Directions>
Retype the entries exactly. Include every line.
== Segment start ==
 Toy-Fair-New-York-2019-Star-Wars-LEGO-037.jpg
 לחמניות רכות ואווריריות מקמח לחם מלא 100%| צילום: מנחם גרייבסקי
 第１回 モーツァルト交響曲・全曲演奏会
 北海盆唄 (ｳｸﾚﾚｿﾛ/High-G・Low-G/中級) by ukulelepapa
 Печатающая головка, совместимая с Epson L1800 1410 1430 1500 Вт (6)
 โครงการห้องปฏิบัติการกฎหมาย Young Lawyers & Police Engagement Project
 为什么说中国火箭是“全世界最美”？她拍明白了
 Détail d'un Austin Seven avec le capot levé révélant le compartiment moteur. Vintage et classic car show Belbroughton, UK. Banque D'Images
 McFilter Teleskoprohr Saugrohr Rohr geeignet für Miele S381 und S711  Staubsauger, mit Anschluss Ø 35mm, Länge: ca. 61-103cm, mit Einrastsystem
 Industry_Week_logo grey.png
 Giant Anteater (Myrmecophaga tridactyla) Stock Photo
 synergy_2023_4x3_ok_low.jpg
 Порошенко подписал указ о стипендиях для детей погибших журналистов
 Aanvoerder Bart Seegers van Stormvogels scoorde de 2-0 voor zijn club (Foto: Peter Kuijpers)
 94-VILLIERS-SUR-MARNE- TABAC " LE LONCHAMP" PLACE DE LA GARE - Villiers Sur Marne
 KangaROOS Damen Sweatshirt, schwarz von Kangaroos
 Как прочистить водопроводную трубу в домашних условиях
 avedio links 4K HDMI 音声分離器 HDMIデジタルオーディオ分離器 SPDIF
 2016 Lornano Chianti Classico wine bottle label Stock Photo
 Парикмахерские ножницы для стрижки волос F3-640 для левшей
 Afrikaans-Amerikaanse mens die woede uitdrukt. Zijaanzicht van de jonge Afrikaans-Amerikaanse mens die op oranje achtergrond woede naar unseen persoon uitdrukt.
== Segment end ==
Exercise solution>
 Toy-Fair-New-York-2019-Star-Wars-LEGO-037.jpg
 לחמניות רכות ואווריריות מקמח לחם מלא 100%| צילום: מנחם גרייבסקי
 第１回 モーツァルト交響曲・全曲演奏会
 北海盆唄 (ｳｸﾚﾚｿﾛ/High-G・Low-G/中級) by ukulelepapa
 Печатающая головка, совместимая с Epson L1800 1410 1430 1500 Вт (6)
 โครงการห้องปฏิบัติการกฎหมาย Young Lawyers & Police Engagement Project
 为什么说中国火箭是“全世界最美”？她拍明白了
 Détail d'un Austin Seven avec le capot levé révélant le compartiment moteur. Vintage et classic car show Belbroughton, UK. Banque D'Images
 McFilter Teleskoprohr Saugrohr Rohr geeignet für Miele S381 und S711  Staubsauger, mit Anschluss Ø 35mm, Länge: ca. 61-103cm, mit Einrastsystem
 Industry_Week_logo grey.png
 Giant Anteater (Myrmecophaga tridactyla) Stock Photo
 synergy_2023_4x3_ok_low.jpg
 Порошенко подписал указ о стипендиях для детей погибших журналистов
 Aanvoerder Bart Seegers van Stormvogels scoorde de 2-0 voor zijn club (Foto: Peter Kuijpers)
 94-VILLIERS-SUR-MARNE- TABAC " LE LONCHAMP" PLACE DE LA GARE - Villiers Sur Marne
 KangaROOS Damen Sweatshirt, schwarz von Kangaroos
 Как прочистить водопроводную трубу в домашних условиях
 avedio links 4K HDMI 音声分離器 HDMIデジタルオーディオ分離器 SPDIF
 2016 Lornano Chianti Classico wine bottle label Stock Photo
 Парикмахерские ножницы для стрижки волос F3-640 для левшей
 Afrikaans-Amerikaanse mens die woede uitdrukt. Zijaanzicht van de jonge Afrikaans-Amerikaanse mens die op oranje achtergrond woede naar unseen persoon uitdrukt.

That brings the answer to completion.